"Nic w przyrodzie nie kwitnie przez cały rok, bądź cierpliwy wobec siebie". Świetny cytat. I to prawda! Wszystko ma swój sezon. Weźmy na przykład skromne drzewo figowe. W miesiącach zimowych wygląda niemal szkieletowo - zredukowane tylko do jasnoszarych gałęzi. Jednak gdy nadchodzi lato, decyduje się wyhodować najbardziej ogromne zielone liście, a także obfitość smacznych owoców, które sprawiają, że jest to bezpieczna przystań dla każdego stworzenia - wielkiego i małego - które pragnie odrobiny cienia i czegoś słodkiego do przekąszenia.
Tak, drzewa figowe wiedzą, co robią. Skorzystałbym z ich rad.

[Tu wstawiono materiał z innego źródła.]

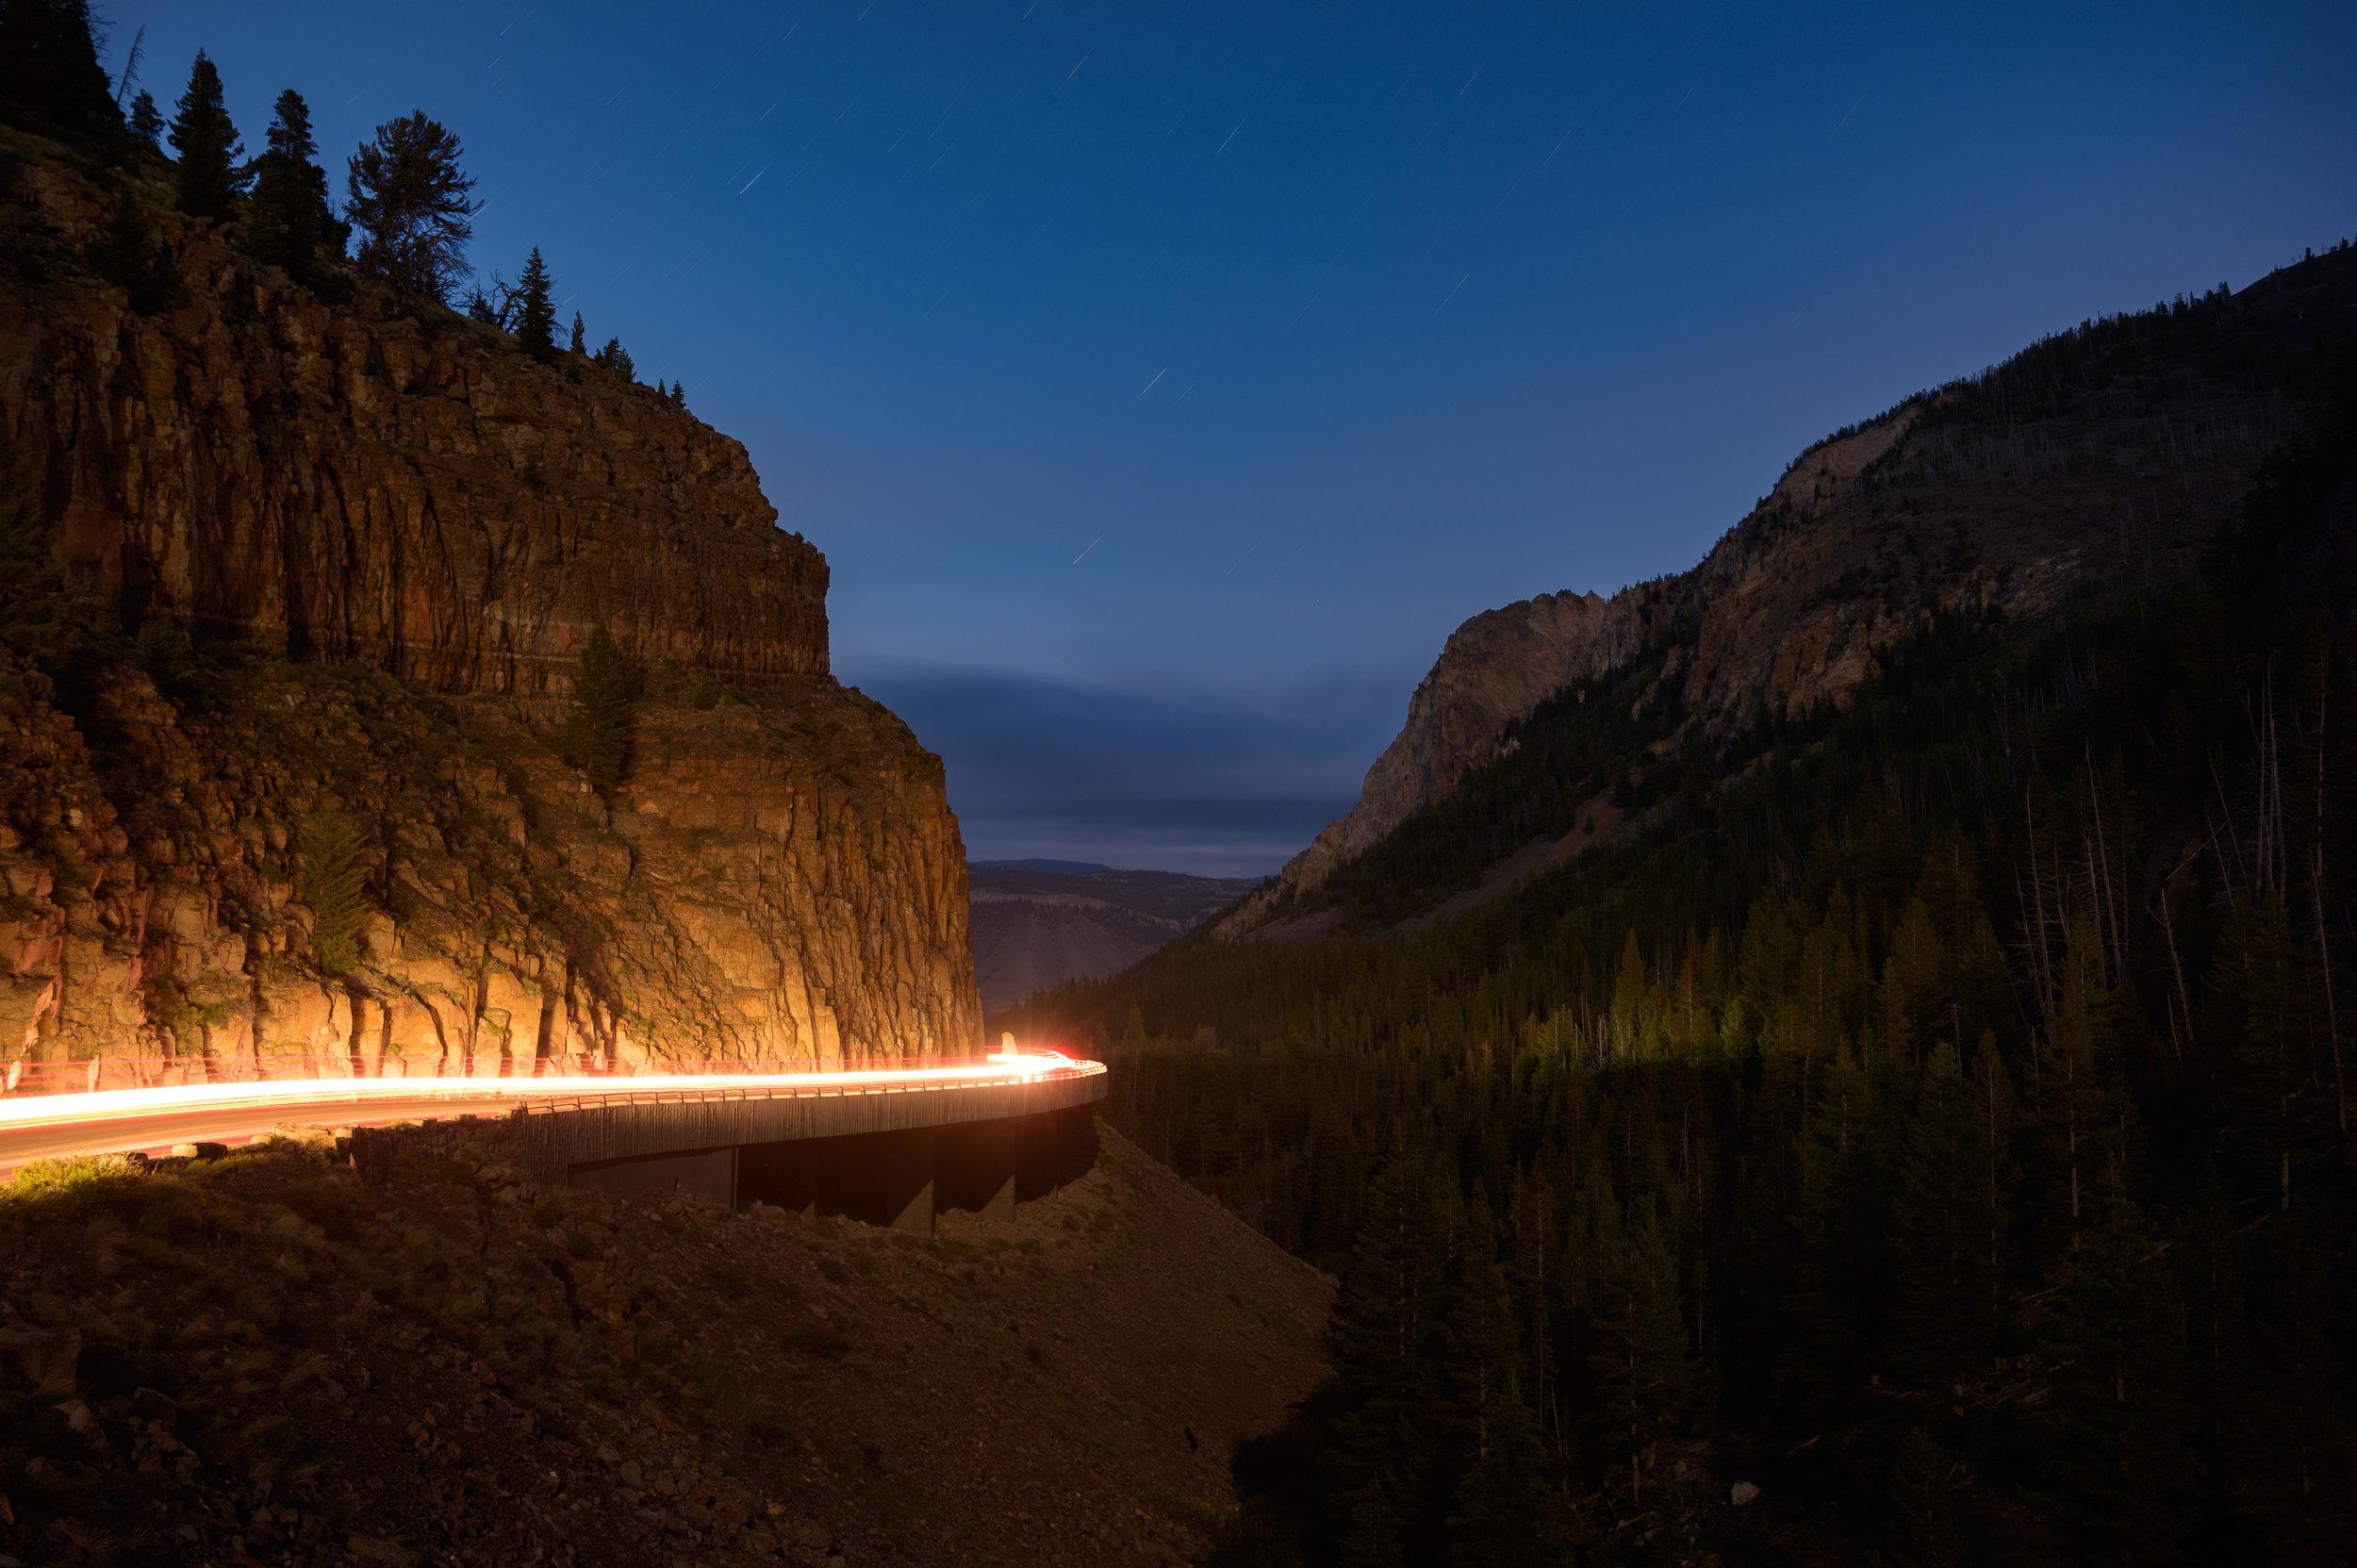 Tims-Yellowstone-2.jpg

W końcu zajmują się tym od dłuższego czasu. Te parasole letnich rozkoszy są uprawiane od ponad 5000 lat. Tutaj, w Algarve, od wieków są głęboko zakorzenione w kulturze i tradycji. Zapytaj sam! Niektóre z nich mają ponad 200 lat.
Weź swój dziobek
Wczesne ptaki mogą zbierać (lub dziobać) kilka odmian fig pod koniec maja do czerwca, ale to tylko mała zapowiedź tego, co ma nadejść. Główne zbiory fig odbywają się latem od sierpnia do września. W tym czasie figi są prawdziwym przysmakiem, ale można się nimi cieszyć przez cały rok. W rzeczywistości są one moją ulubioną przekąską do pisania!

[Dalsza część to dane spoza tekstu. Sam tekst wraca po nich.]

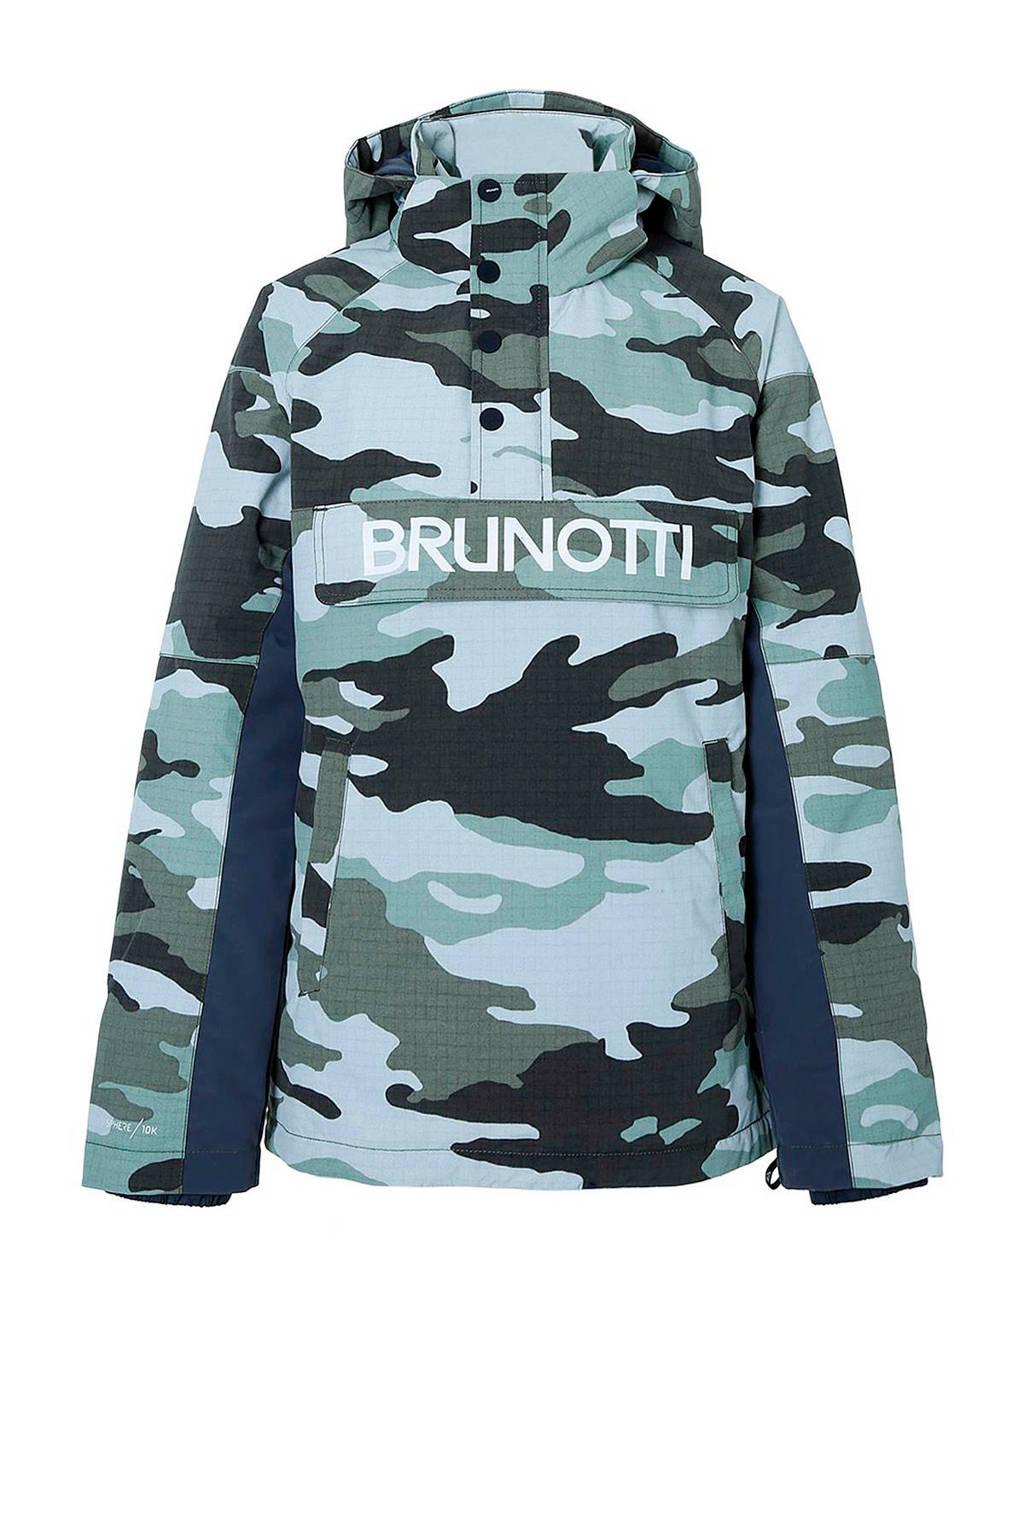 Brunotti ski-anorak Kingers groen camouflage, Groen/wit/grijs

Kredyty: TPN; Autor: Jake Cleaver;
Ale jak? Cóż, nasza sąsiadka Dona Maria jest zajęta zbieraniem plonów i pomyślałem, że byłoby miło dowiedzieć się od niej, jak to robi.
Opalające się figi
Dona Maria była zajęta zbieraniem fig i układaniem ich na słońcu do wyschnięcia. Tradycyjnie robi się to na matach wykonanych z cana Algarvia - tej samej bambusowej rośliny, z której wykonane są kosze. Dzięki temu można je łatwo zwinąć w nocy, ponieważ nie powinny być mokre ani wilgotne.
Po wysuszeniu na słońcu nadszedł czas na inspekcję. Niektóre z nich nie będą tak piękne, a ja z zainteresowaniem zauważyłem, że jej syn zabiera je do tego samego miejsca, w którym tłoczą oliwę z oliwek w Santa Catarina da Fonte do Bispo. Tutaj, podobnie jak w przypadku oliwek, twoje zbiory są ważone, ale zamiast oliwy z oliwek otrzymujesz w zamian przydzieloną wodę figową(aguardente de Figo) .
Credits: TPN; Autor: Jake Cleaver;
Spójrz, jak błyszczą dla ciebie
W zeszłym tygodniu byłem na targu warzywnym w Almancil. Na marginesie: ten mały pop-up market jest po prostu uroczy. Dla wszystkich zainteresowanych, w każdy czwartek między 7:30 a 13:00 pojawia się na drodze obok budynku ASCA (w pobliżu Jardim das Comunidades).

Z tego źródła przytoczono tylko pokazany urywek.